Your reply is to be the lines below, exactly as written, with images omitted.
Dataset extract START
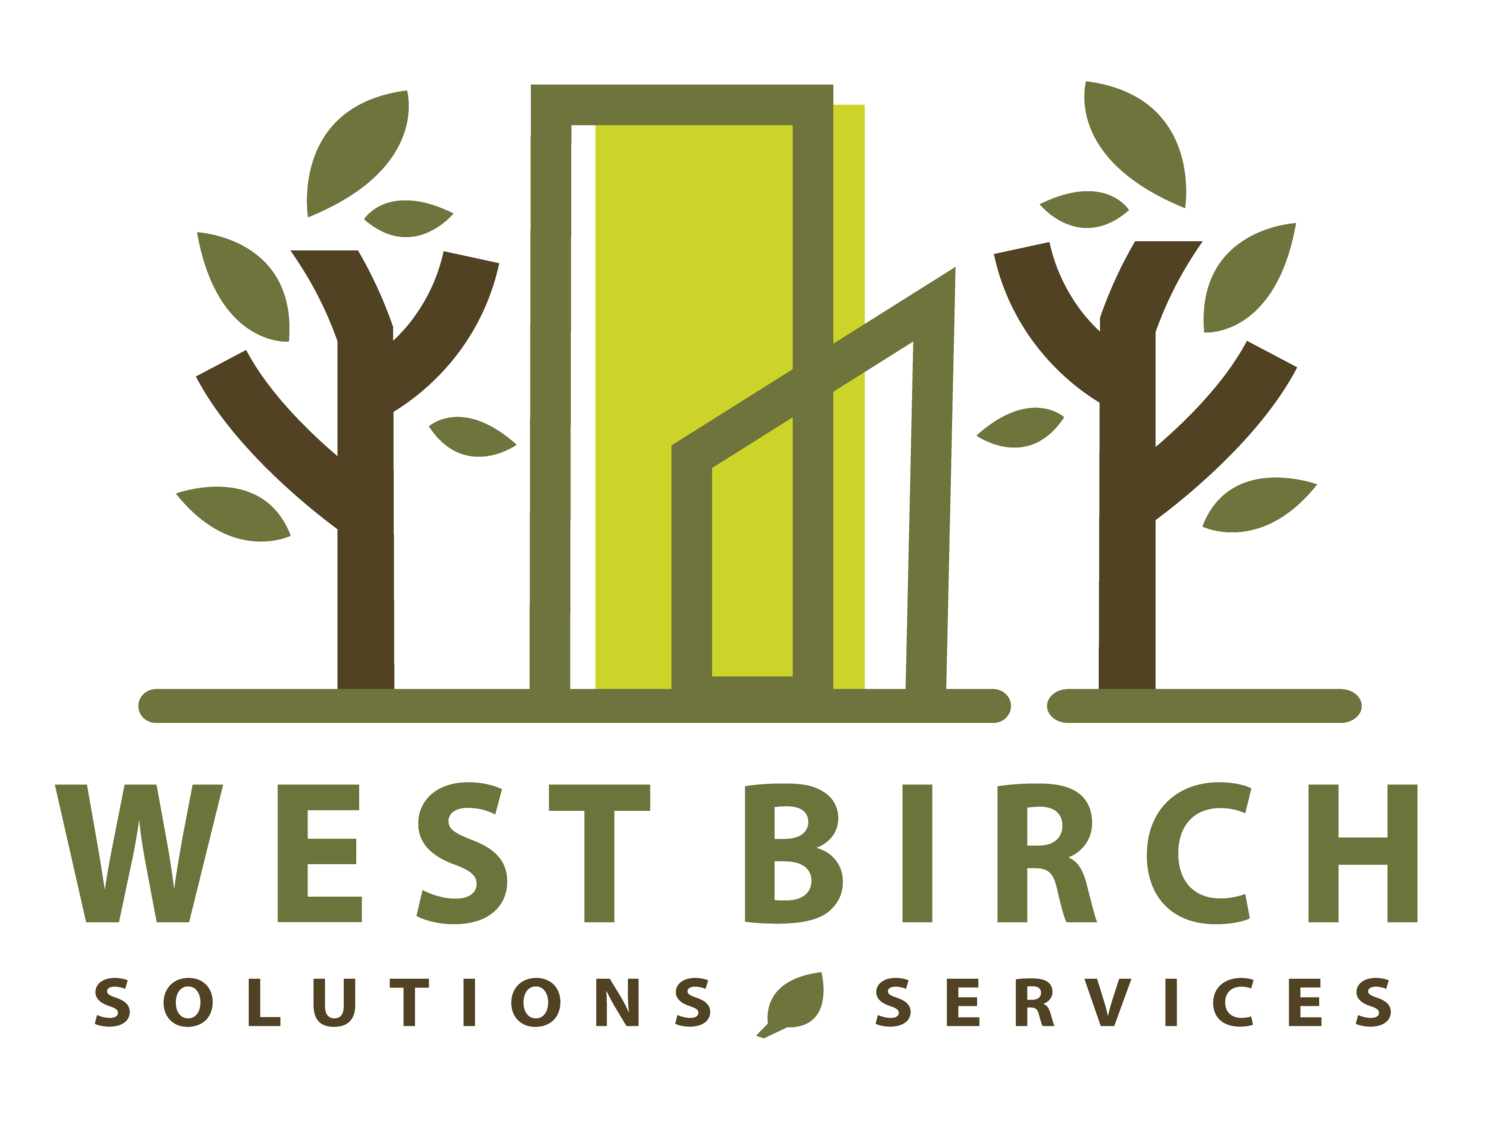 West Birch solutions and services
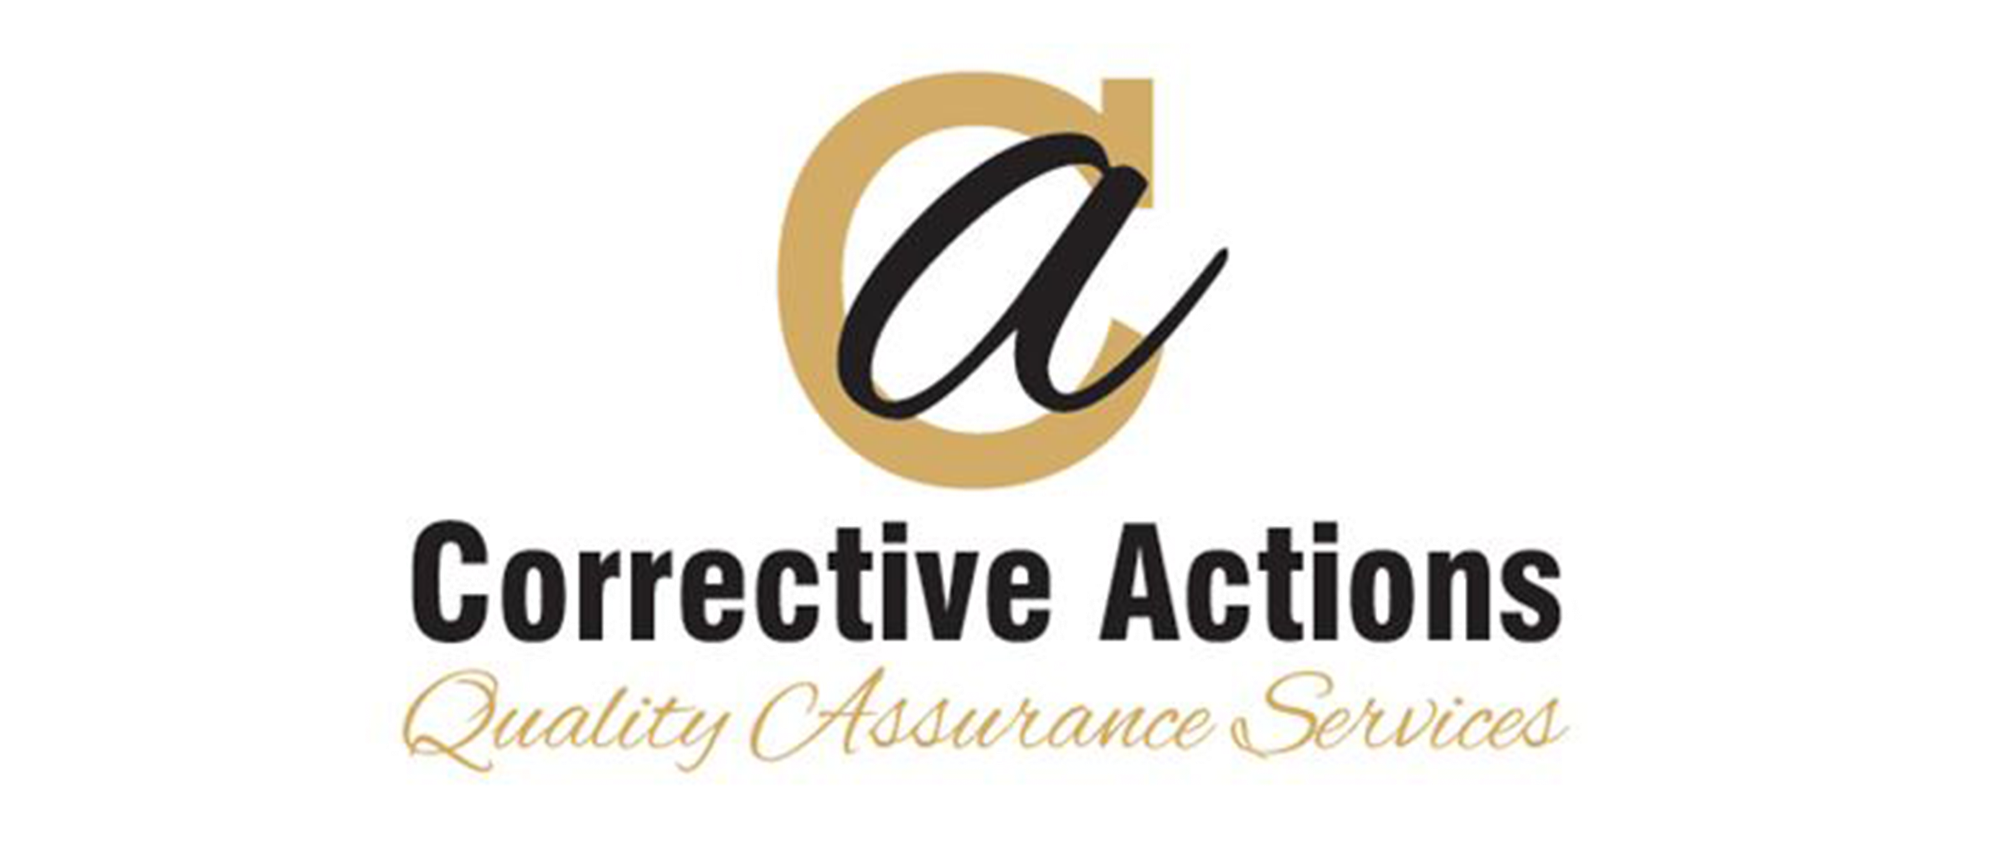 CORRECTIVE ACTIONS
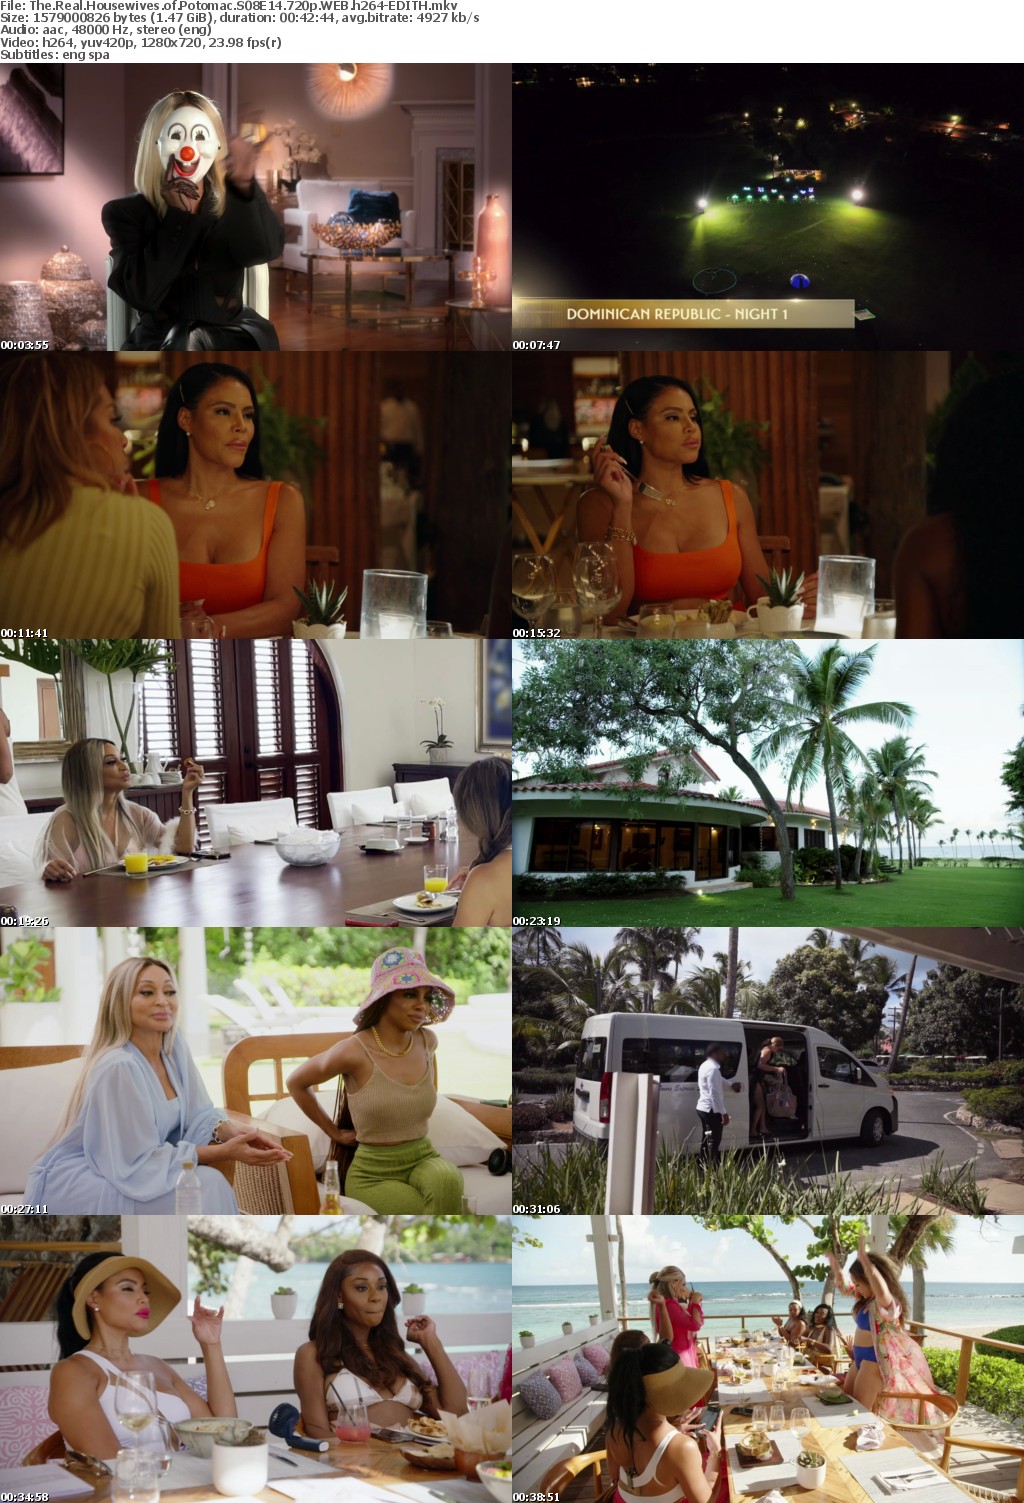 The Real Housewives of Potomac S08E14 720p WEB h264-EDITH
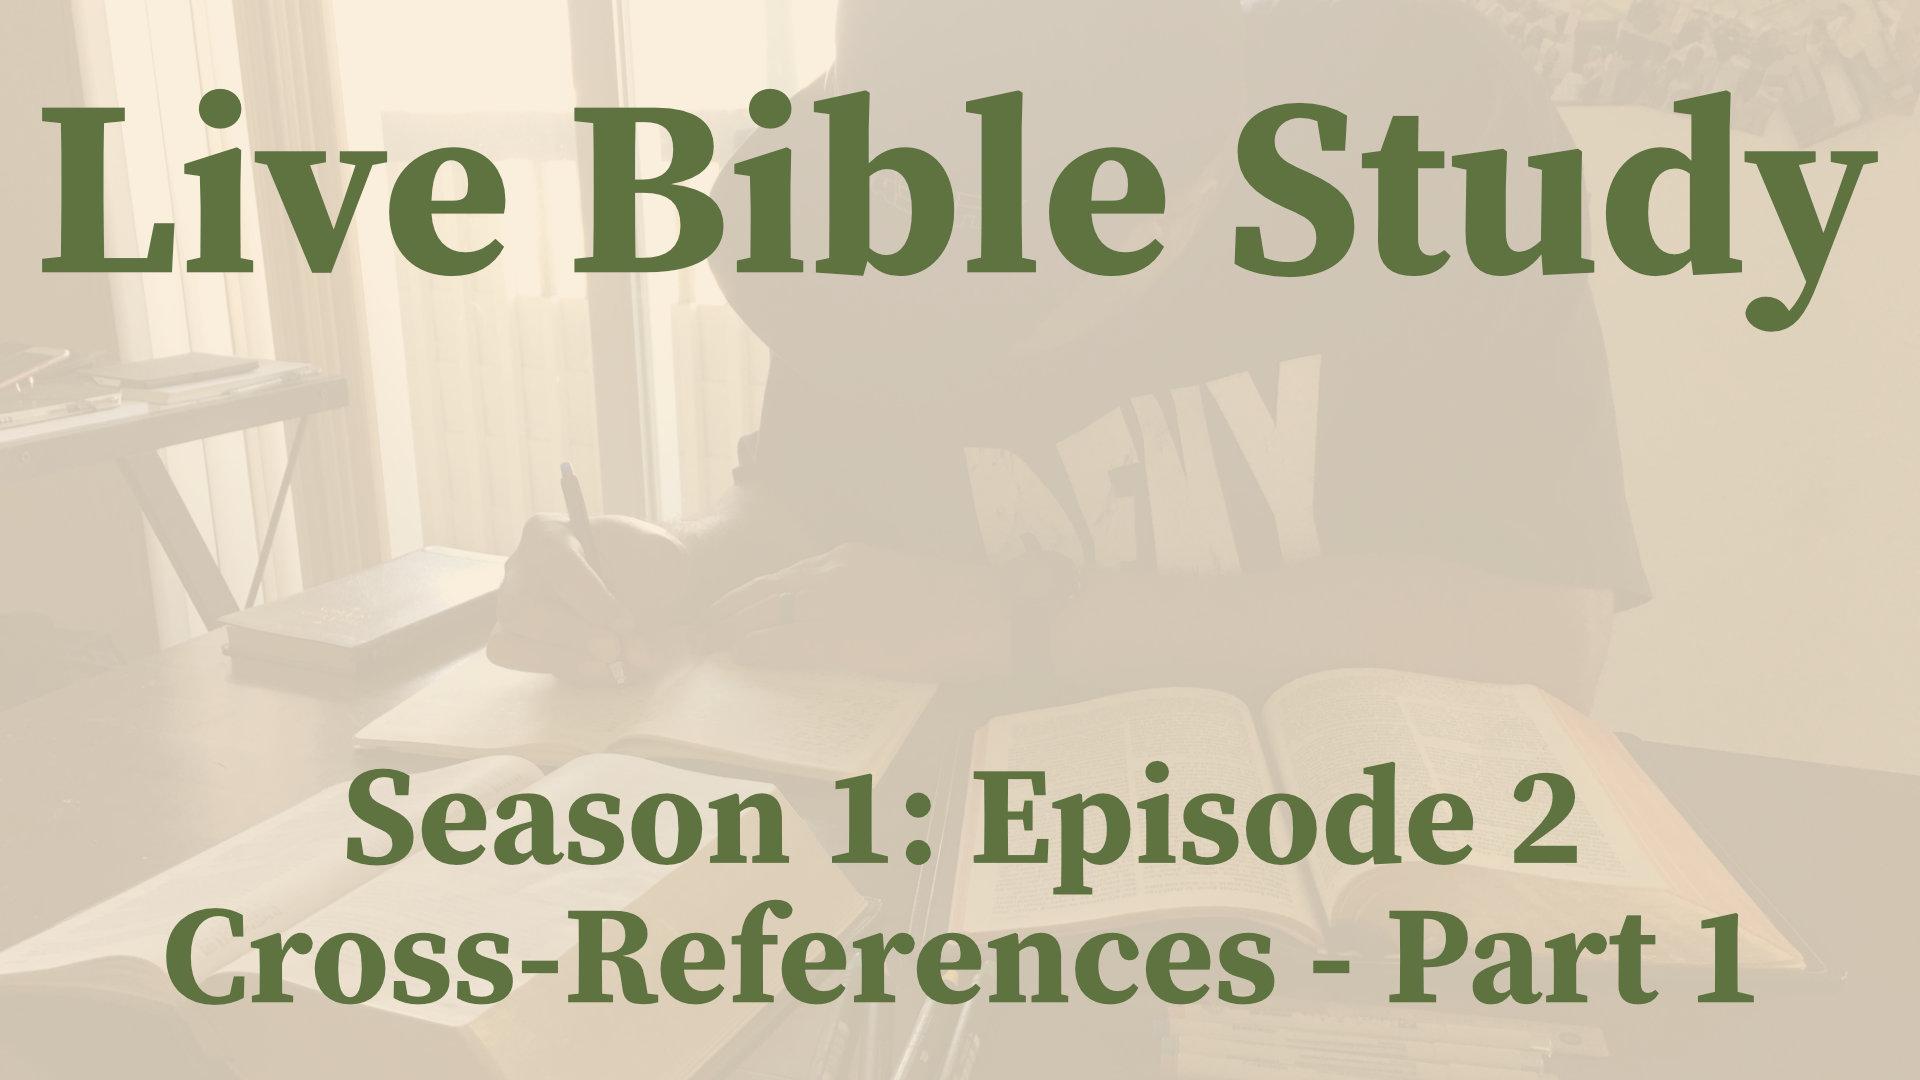 Cross-References – Part 1 (S1: Episode 2)
Dataset extract END
= Exercise output =
 West Birch solutions and services
 CORRECTIVE ACTIONS
 The Real Housewives of Potomac S08E14 720p WEB h264-EDITH
 Cross-References – Part 1 (S1: Episode 2)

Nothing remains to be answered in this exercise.